(Source material begins)

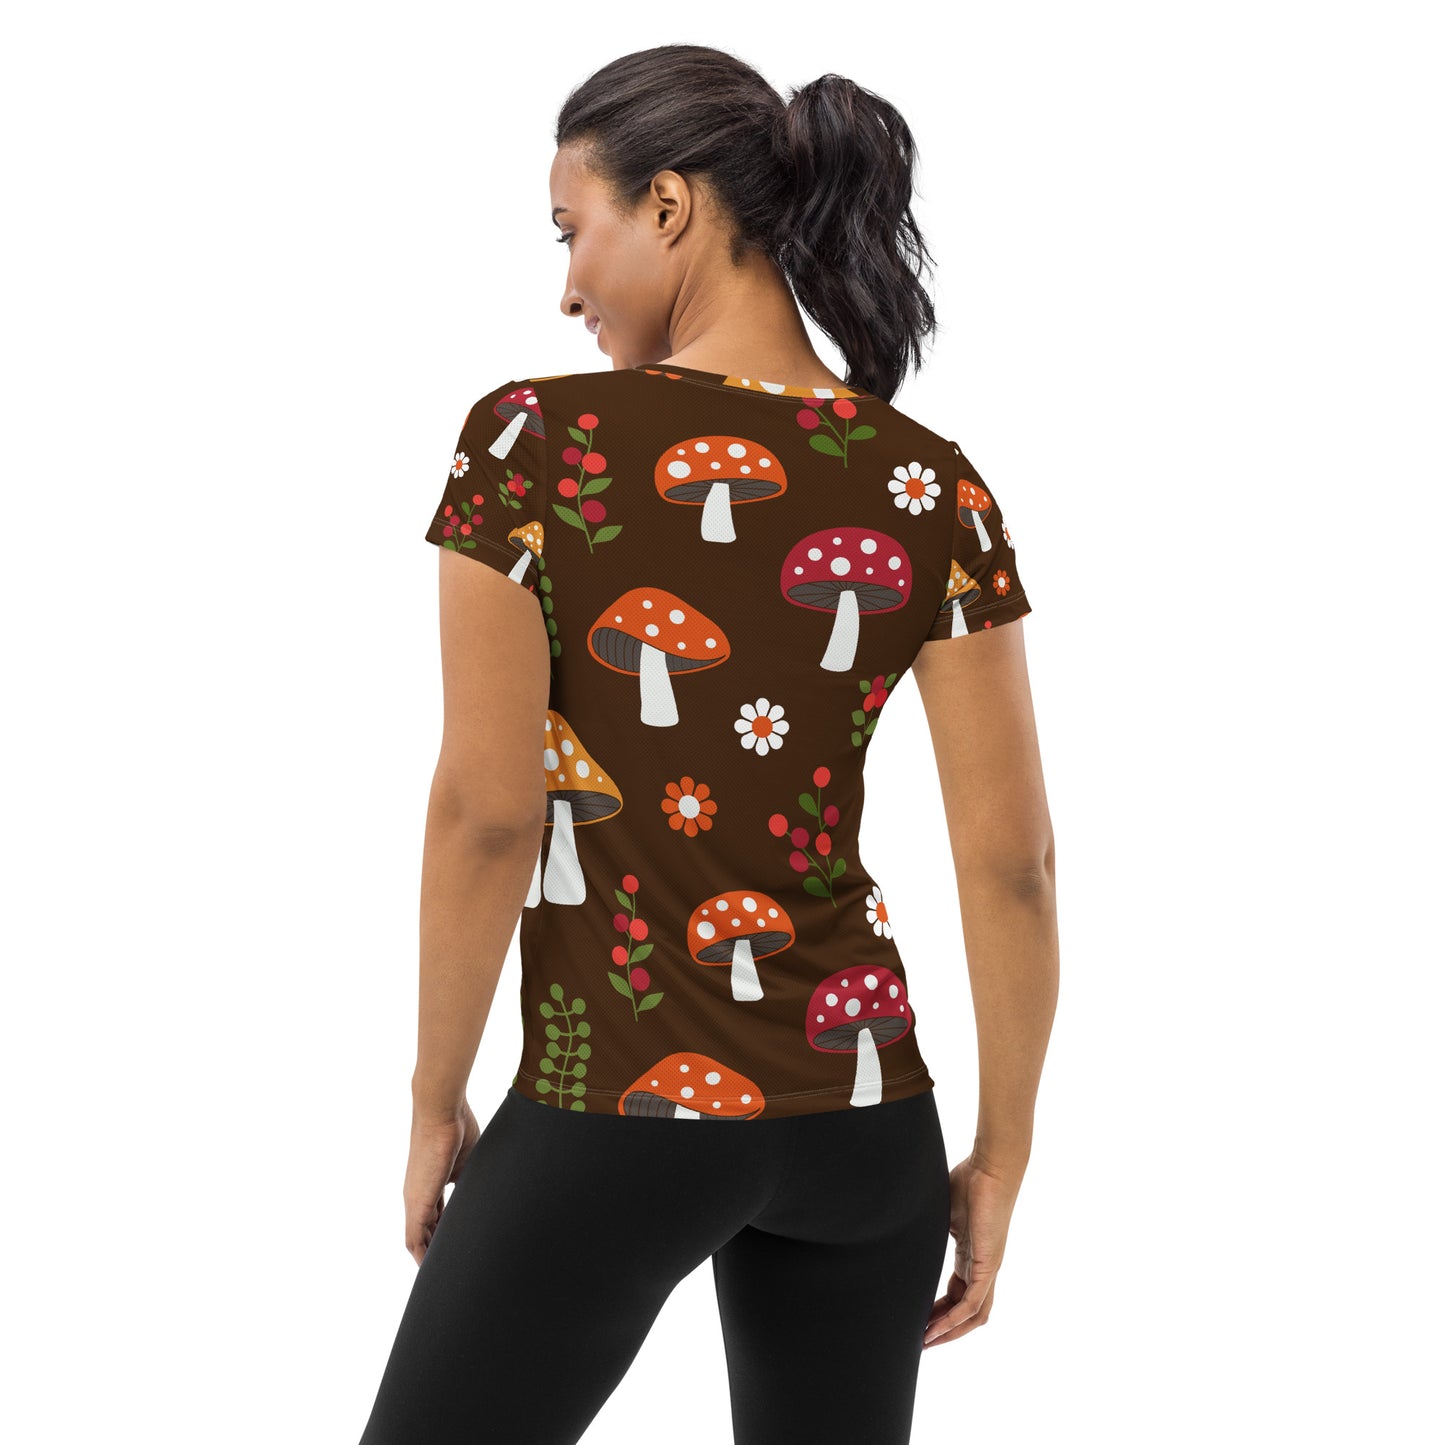 "Mushroom" women's t-shirt (elastic)
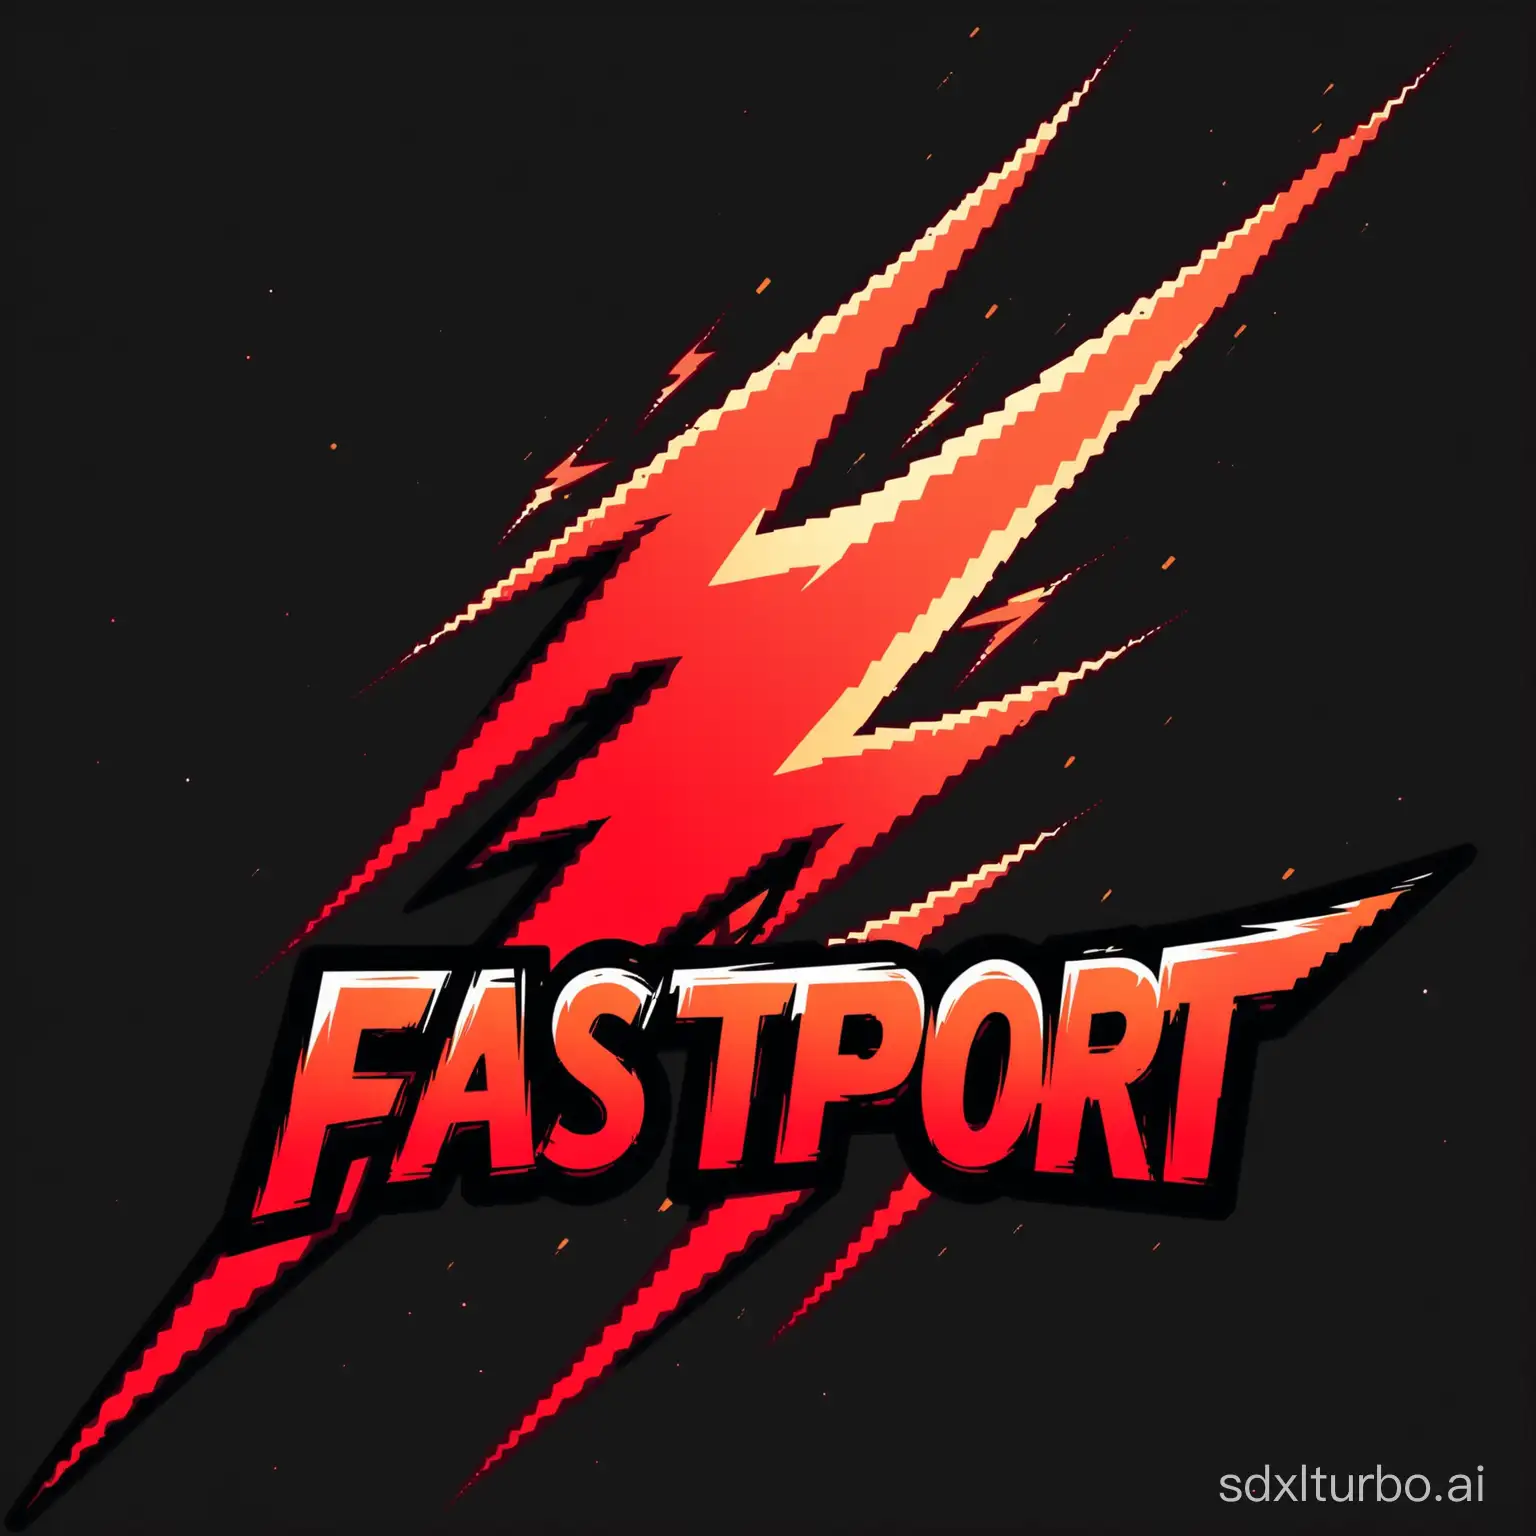 Dynamic-Red-Lightning-Bolt-Logo-on-Black-Background
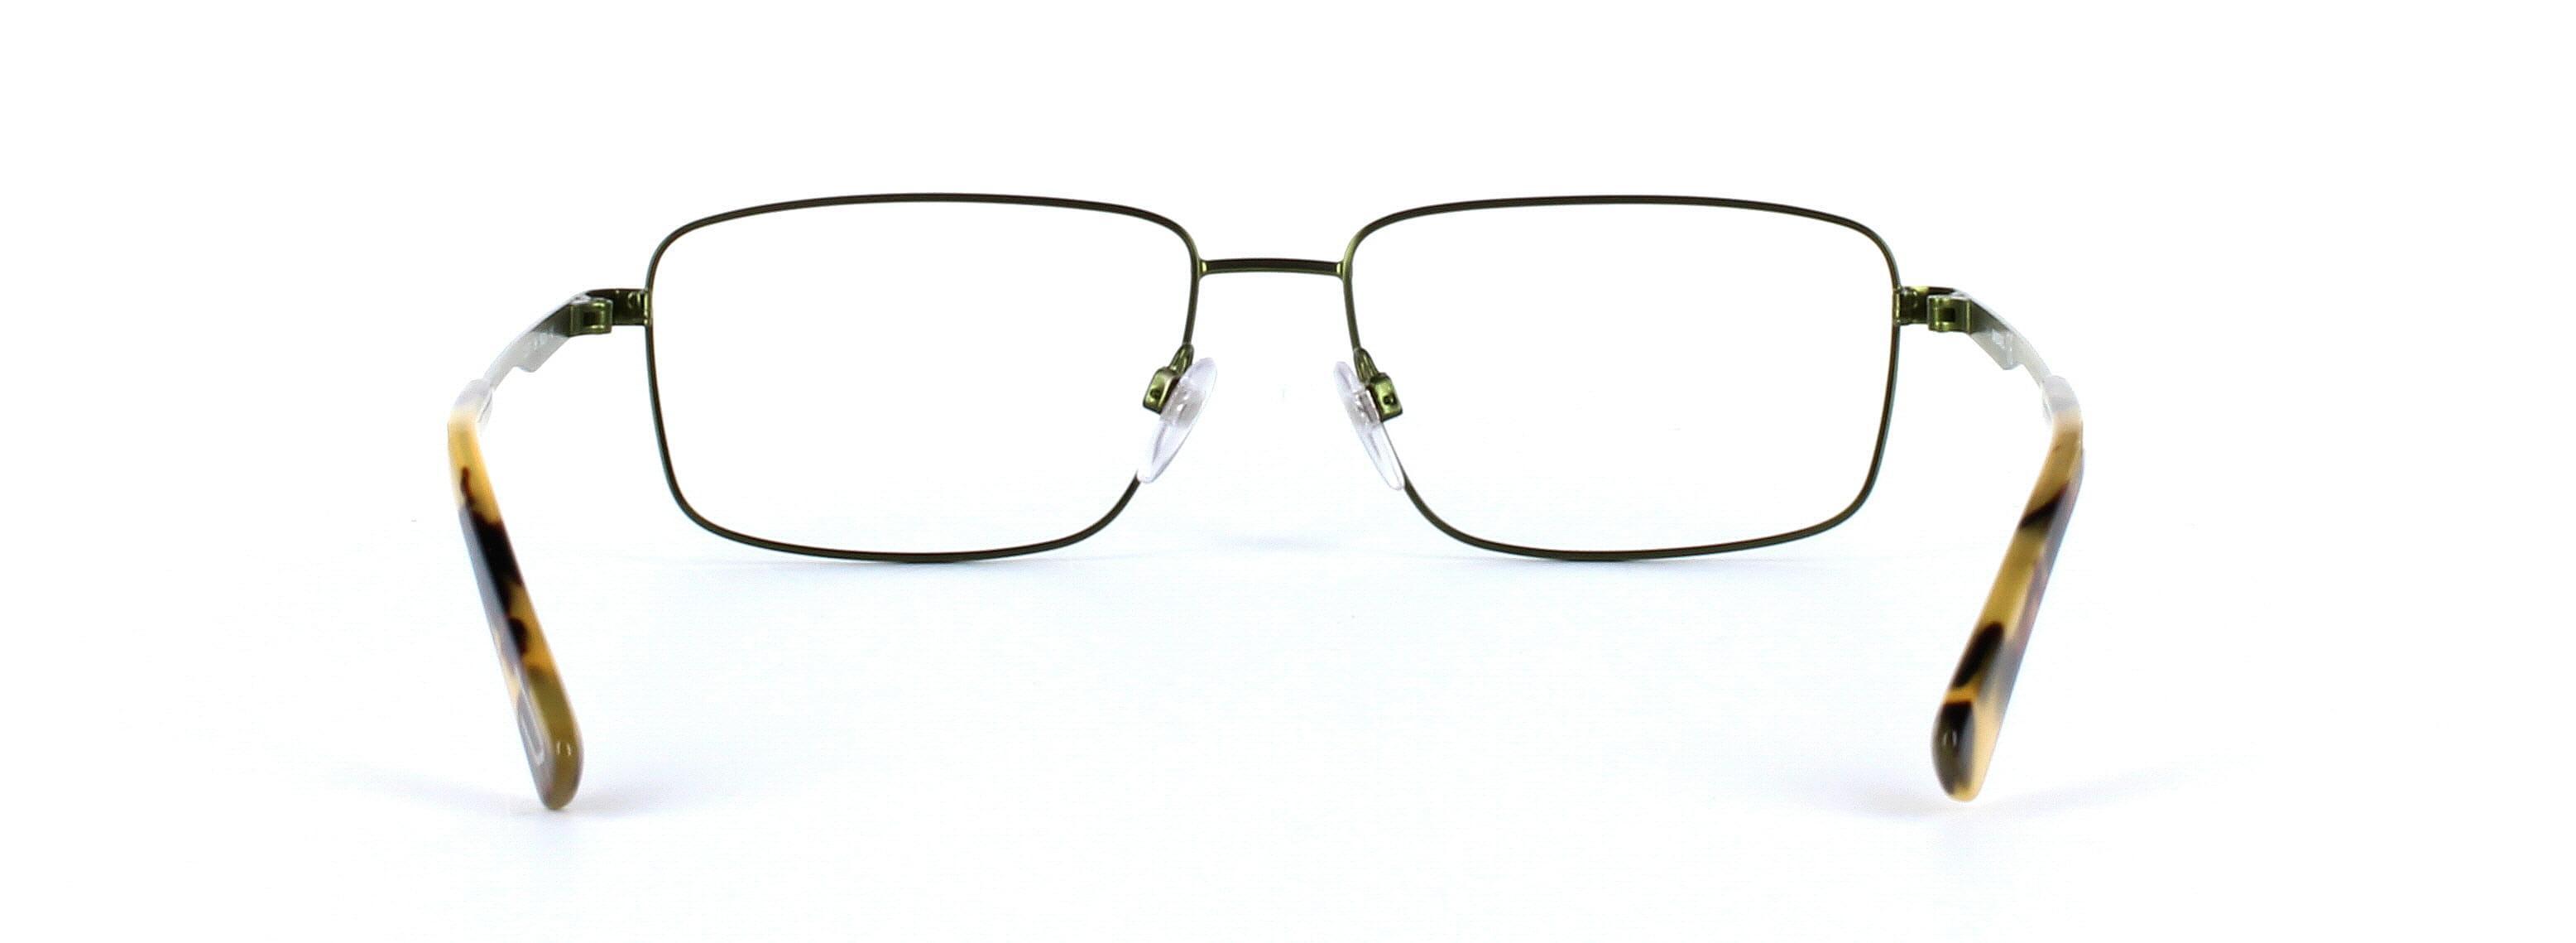 Diesel (DL5375-096) Olive Green Full Rim Rectangular Metal Glasses - Image View 3

(Source material ends)

• **Instructions for the task**: The reply should contain all of the data above, word for word, with no pictures.

• **The completed task**:
 "Mushroom" women's t-shirt (elastic)
 Dynamic-Red-Lightning-Bolt-Logo-on-Black-Background
 Diesel (DL5375-096) Olive Green Full Rim Rectangular Metal Glasses - Image View 3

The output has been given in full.